> [Problem to solve]: Copy the listing exactly; drop the pictures.

---------- Information provided

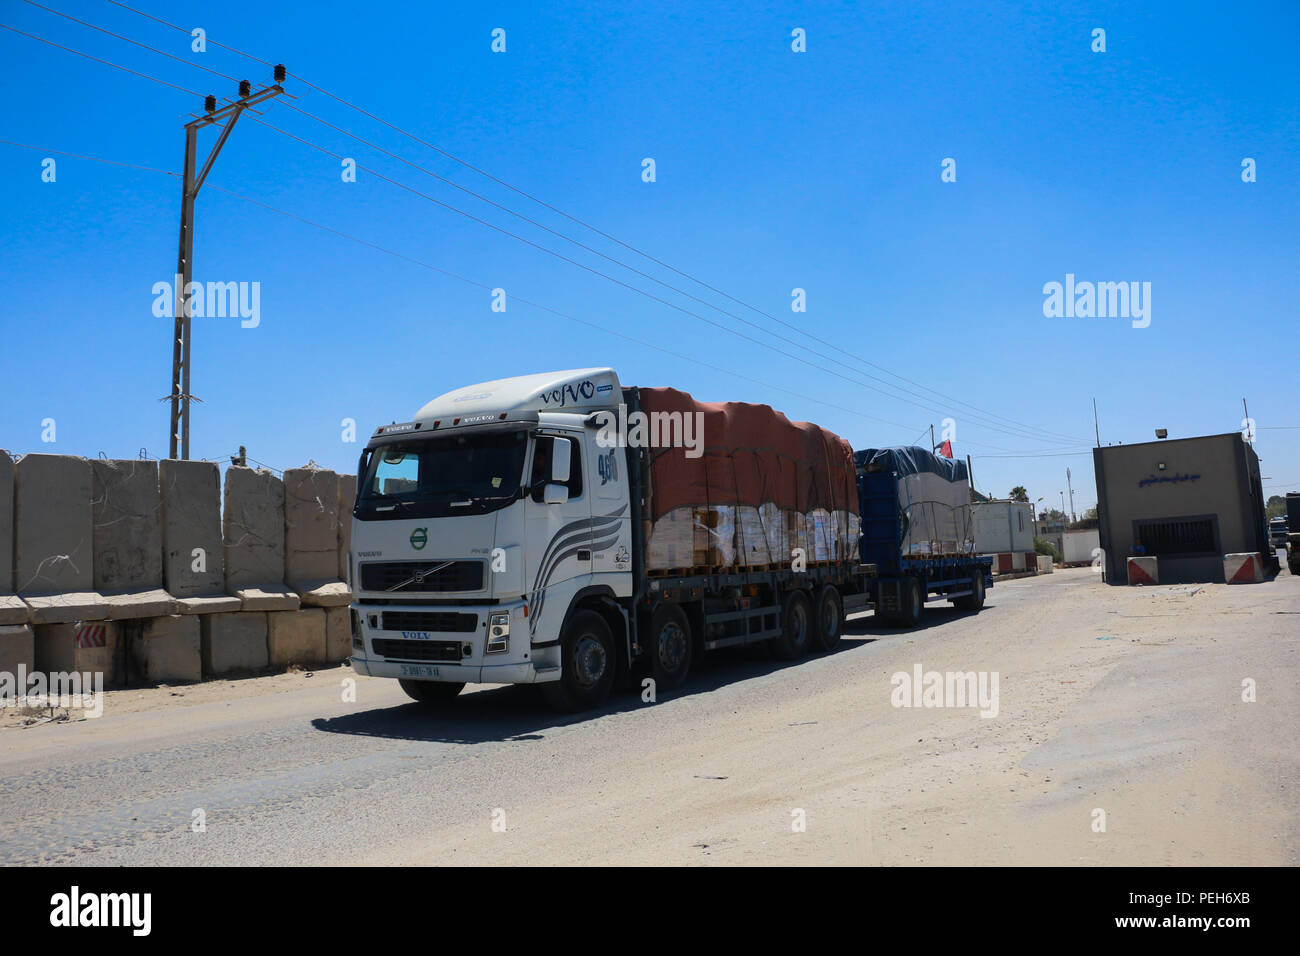 15 août 2018 - Les camions transportant des marchandises commerciales entrer dans Gaza par le terminal de Kerem Shalom à Rafah, dans le sud de la bande de Gaza, qu'Israël rouvre le passage de Kerem Salam après près d'un mois de fermeture. Israël a fermé le passage à niveau et a suspendu l'importation de carburant et de gaz sur les assiégés de Gaza comme mesures de répression contre le lancement par les Palestiniens des ballons incendiaires et des cerfs-volants de la bande dans le sud d'Israël. Des deux passage vers Gaza contrôlée par Israël, le passage d'Erez dans le nord de la bande de Gaza est spécifiquement pour les piétons, tandis que le terminal de Kerem Shalom je Banque D'Images
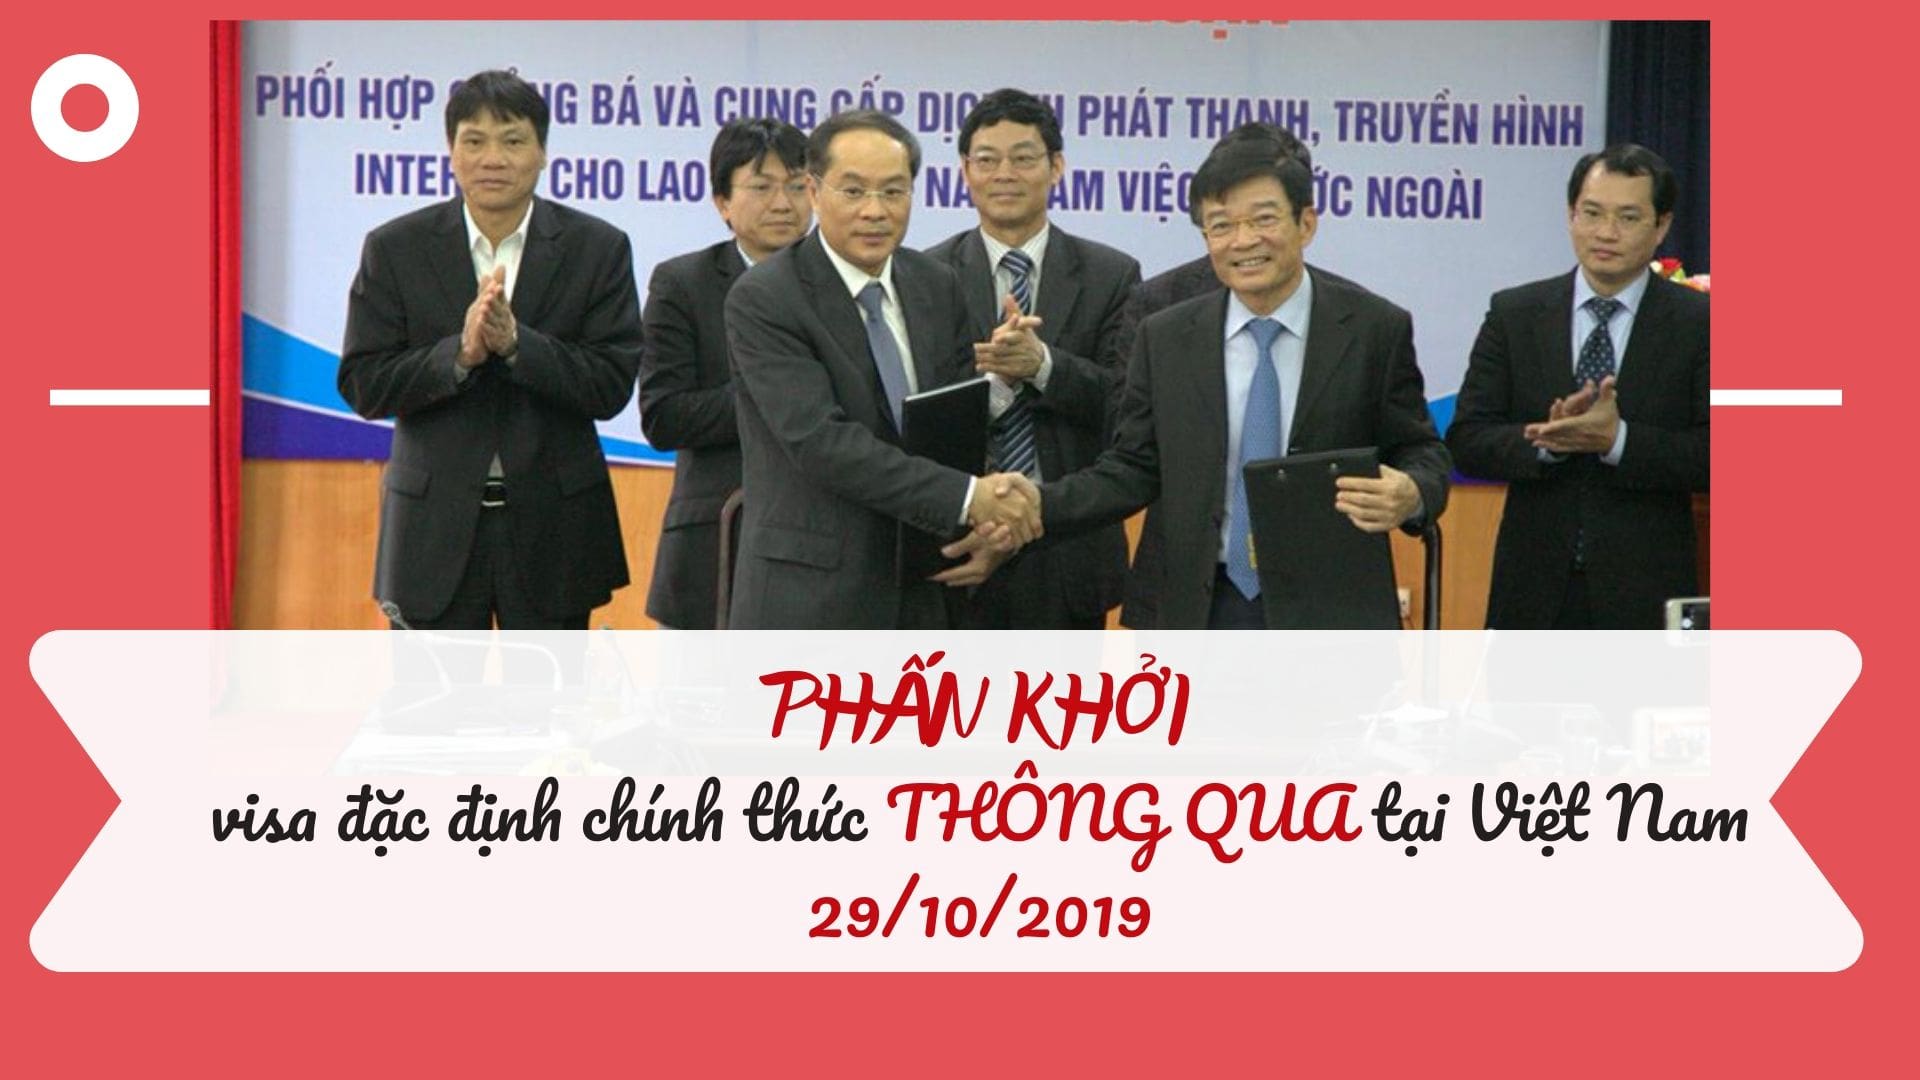 Chương trình visa đặc định tại Việt Nam chính thức được THÔNG QUA
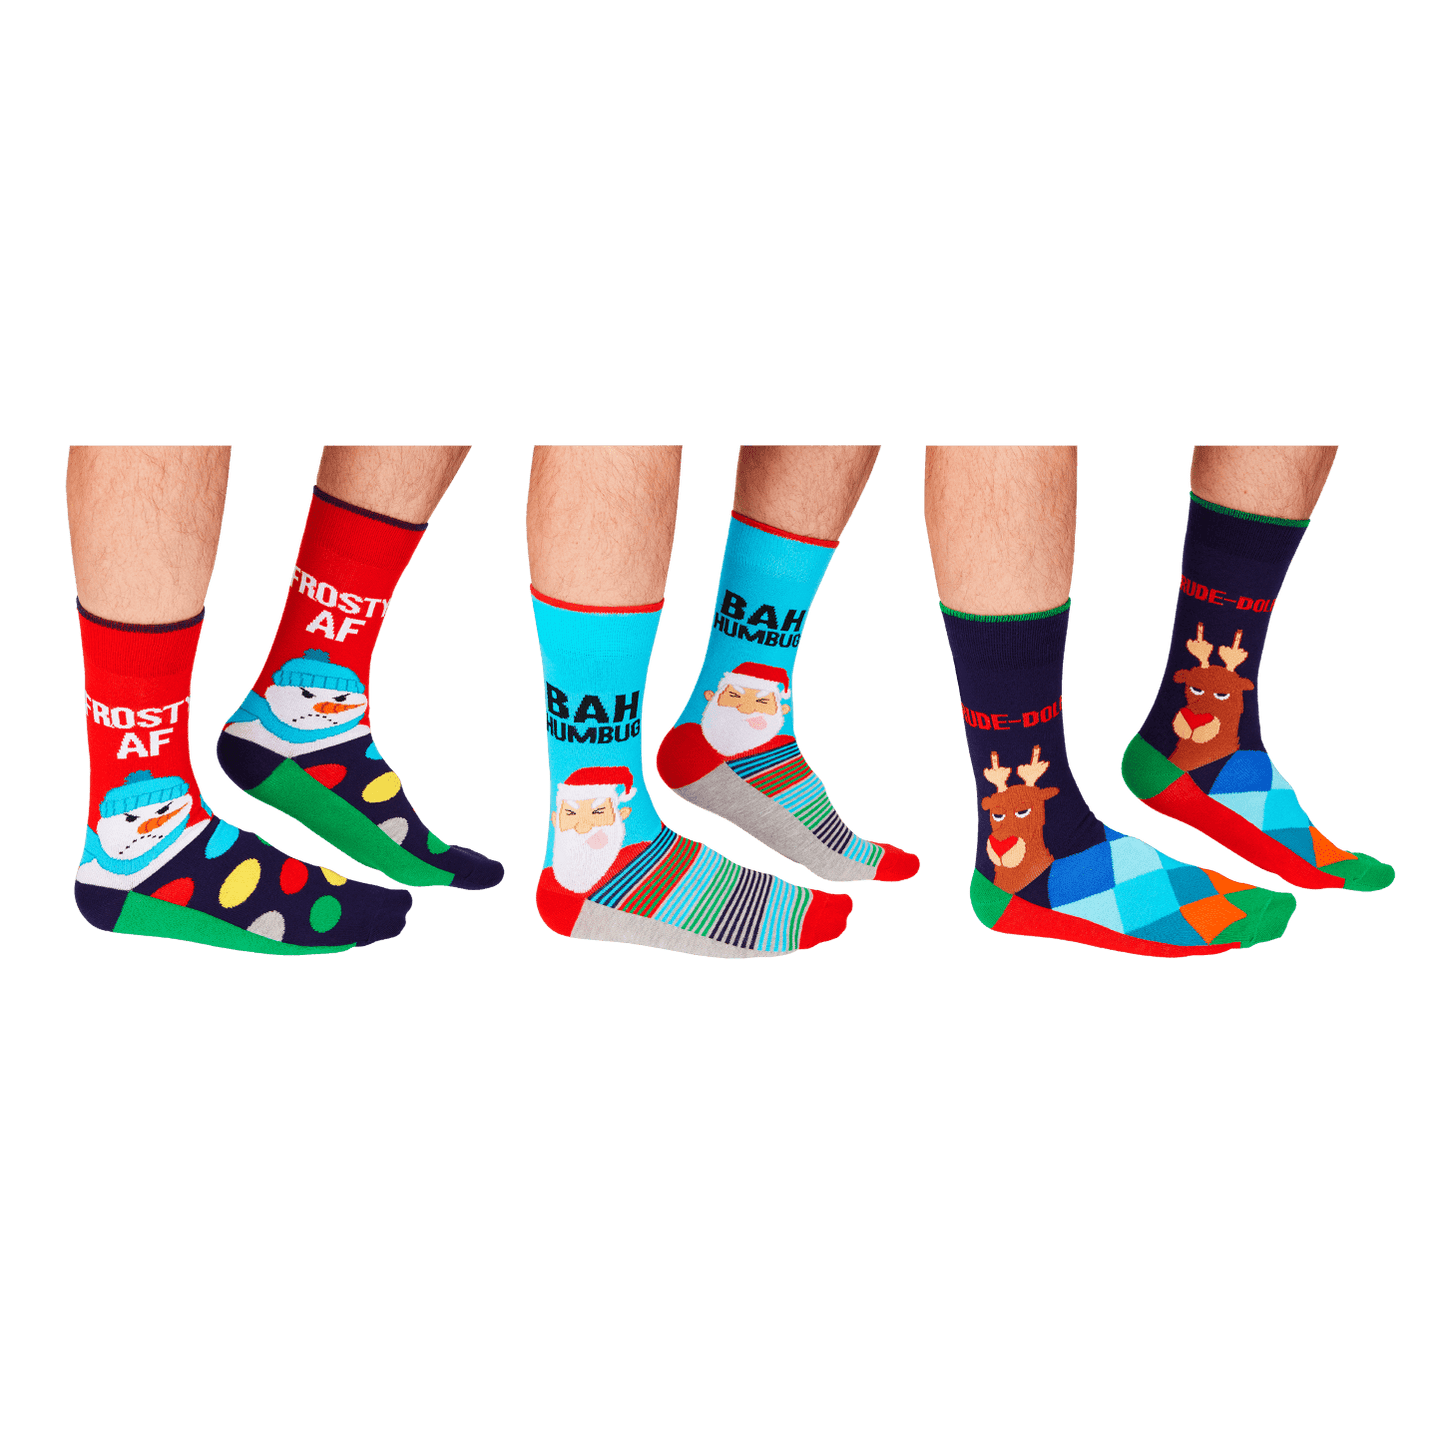 Cockney Spaniel - BAH HUMBUG Christmas Socks

--------------------

> [Worked solution]:
 15 août 2018 - Les camions transportant des marchandises commerciales entrer dans Gaza par le terminal de Kerem Shalom à Rafah, dans le sud de la bande de Gaza, qu'Israël rouvre le passage de Kerem Salam après près d'un mois de fermeture. Israël a fermé le passage à niveau et a suspendu l'importation de carburant et de gaz sur les assiégés de Gaza comme mesures de répression contre le lancement par les Palestiniens des ballons incendiaires et des cerfs-volants de la bande dans le sud d'Israël. Des deux passage vers Gaza contrôlée par Israël, le passage d'Erez dans le nord de la bande de Gaza est spécifiquement pour les piétons, tandis que le terminal de Kerem Shalom je Banque D'Images
 Chương trình visa đặc định tại Việt Nam chính thức được THÔNG QUA
 Cockney Spaniel - BAH HUMBUG Christmas Socks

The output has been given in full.